Союзники разгромили наконец франков, и три года огненным смерчем носились по богатой провинции — до тех пор, пока не превратили ее в один гигантский костер. Затем настал черед Испании. Проходы через Пиренеи защищали опытные римские военачальники, и варвары некоторое время безрезультатно топтались у горного массива. Но тут император заподозрил в измене военачальников, защищавших Испанию, и казнил их, тем самым он собственной рукой открыл дорогу варварам в нетронутую войной римскую провинцию. По свидетельству Исидора Севильского, "прошли вандалы, аланы и свевы Испанию, убивая и опустошая, вдоль и поперек, они поджигали города и пожирали награбленные запасы, так что население от голода употребляло в пищу даже человечину.

Матери ели своих детей, дикие звери, привыкшие насыщаться телами павших от меча, голода или мора, нападали даже на живых и угрожали им смертью. И этими четырьмя бедствиями исполнилось предсказание божественного гнева, которое некогда возвестили пророки".

Постепенно Испания переполнилась варварскими племенами, им стало тесно, и бывшие союзники начали воевать друг с другом. Собственно, когда и эта провинция подверглась полному разграблению, стало бессмысленно проливать за нее кровь, В 429 г. энергичный вандальский король Гейзерих решился на отчаянное предприятие: с 80-тысячной армией он перебрался за Геркулесовы столбы. Его войско захватило часть римских африканских владений, императору пришлось согласиться с приобретениями вандалов в обмен на уплату дани. Но разве могли остановить воинственный народ мирные соглашения, когда рядом находился богатый, цветущий Карфаген? В 439 г. город пал.
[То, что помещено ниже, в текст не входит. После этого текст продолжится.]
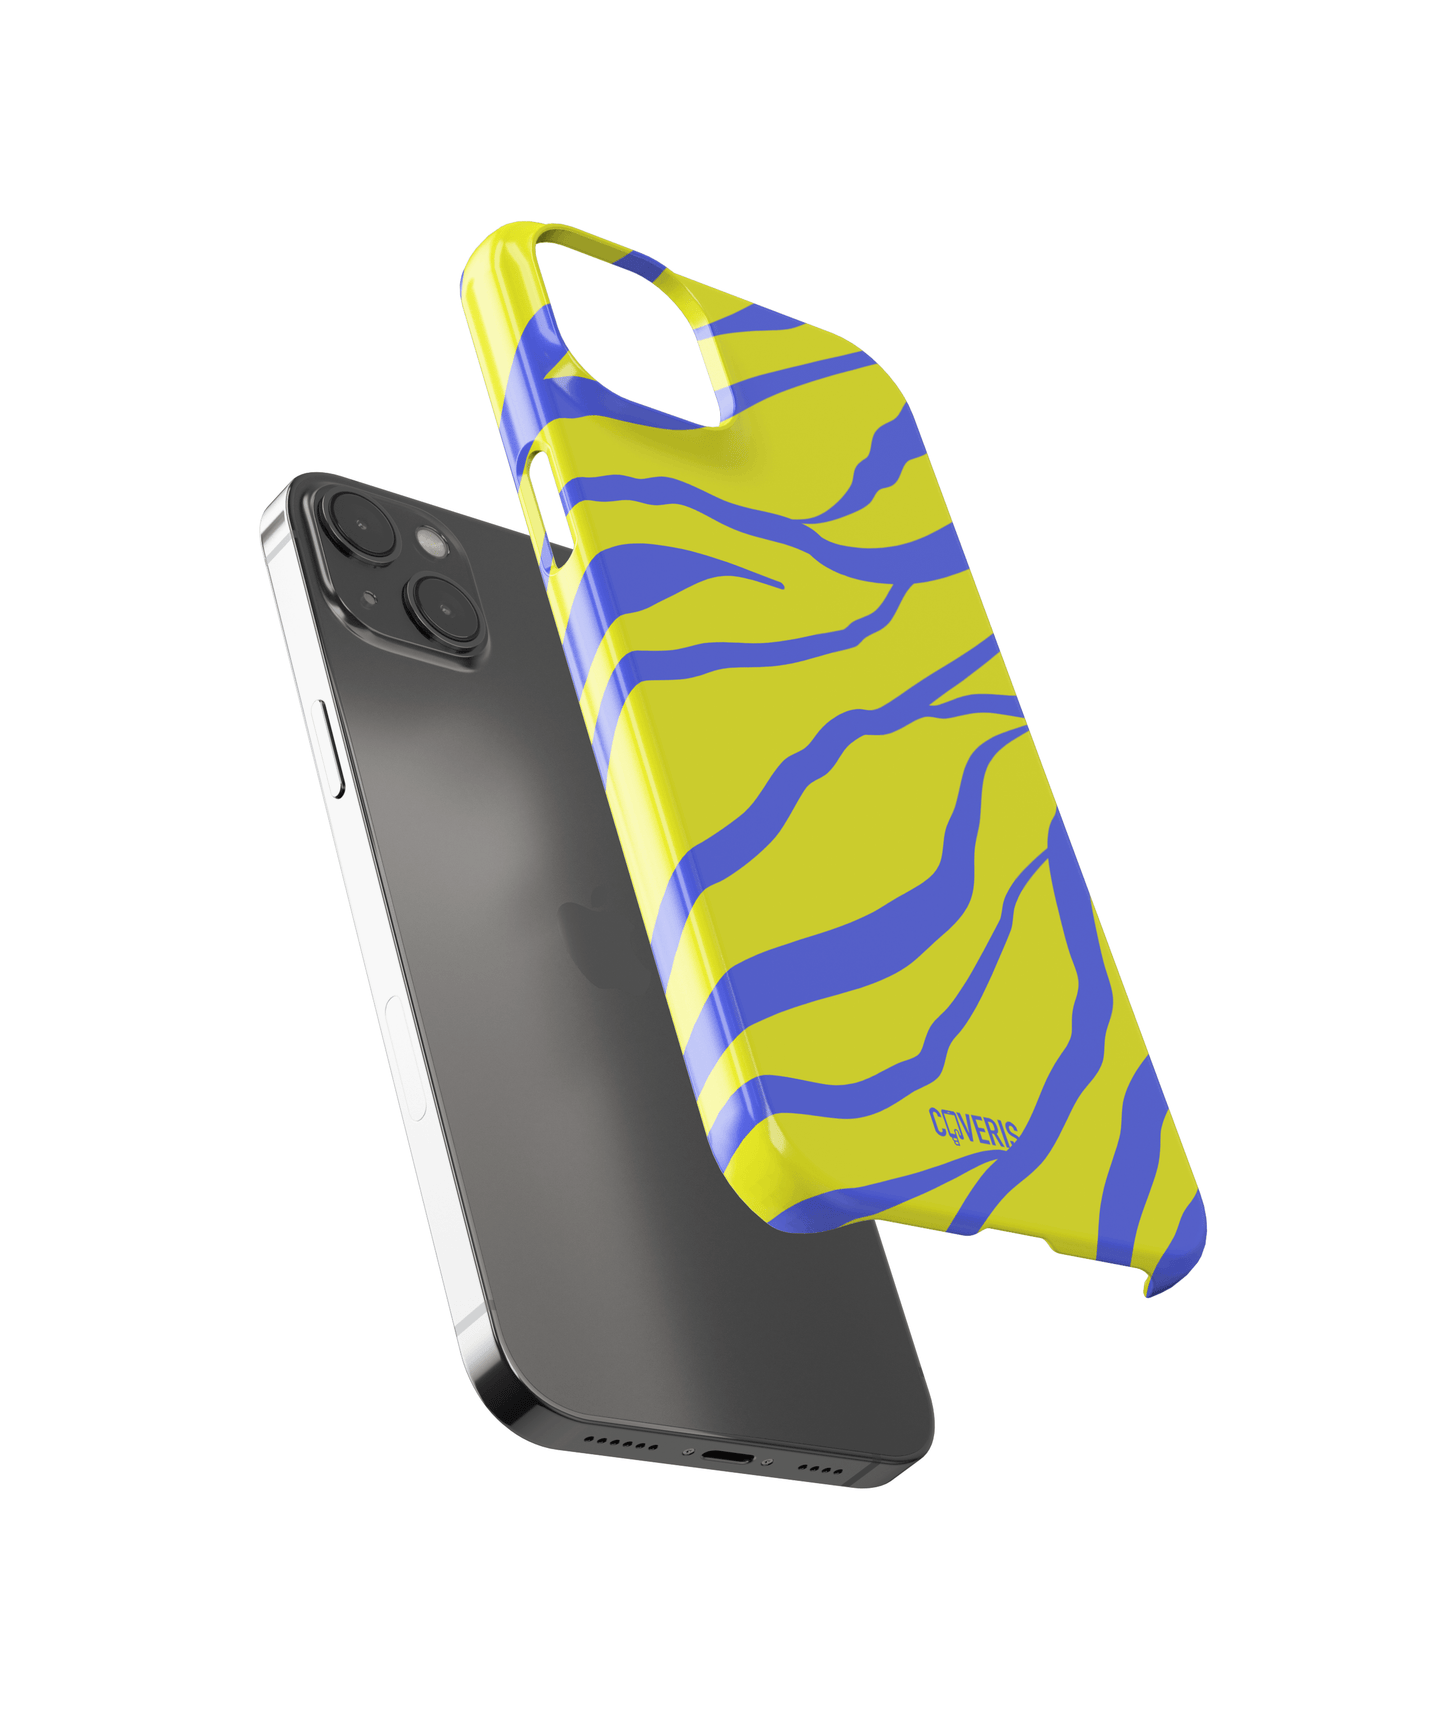 Neonique - Google Pixel 2 phone case

Лев занял престол Святого Петра в 440 г, как раз в это время поток беженцев из Северной Африки настолько увеличился, что стал походить на бесконечную полноводную реку. Римляне добродушно принимали своих братьев, помогали им устроиться на новом месте. Но… скоро несчастные беглецы вызвали недовольство человека, который до сих пор более других заботился о нищих и убогих. Великий понтифик знал, что на Ливийской земле пустила ростки ересь, именуемая манихейством, но не подозревал об истинных ее масштабах. Как оказалось, восточной духовной болезнью было заражено большинство единоплеменников из африканских провинций.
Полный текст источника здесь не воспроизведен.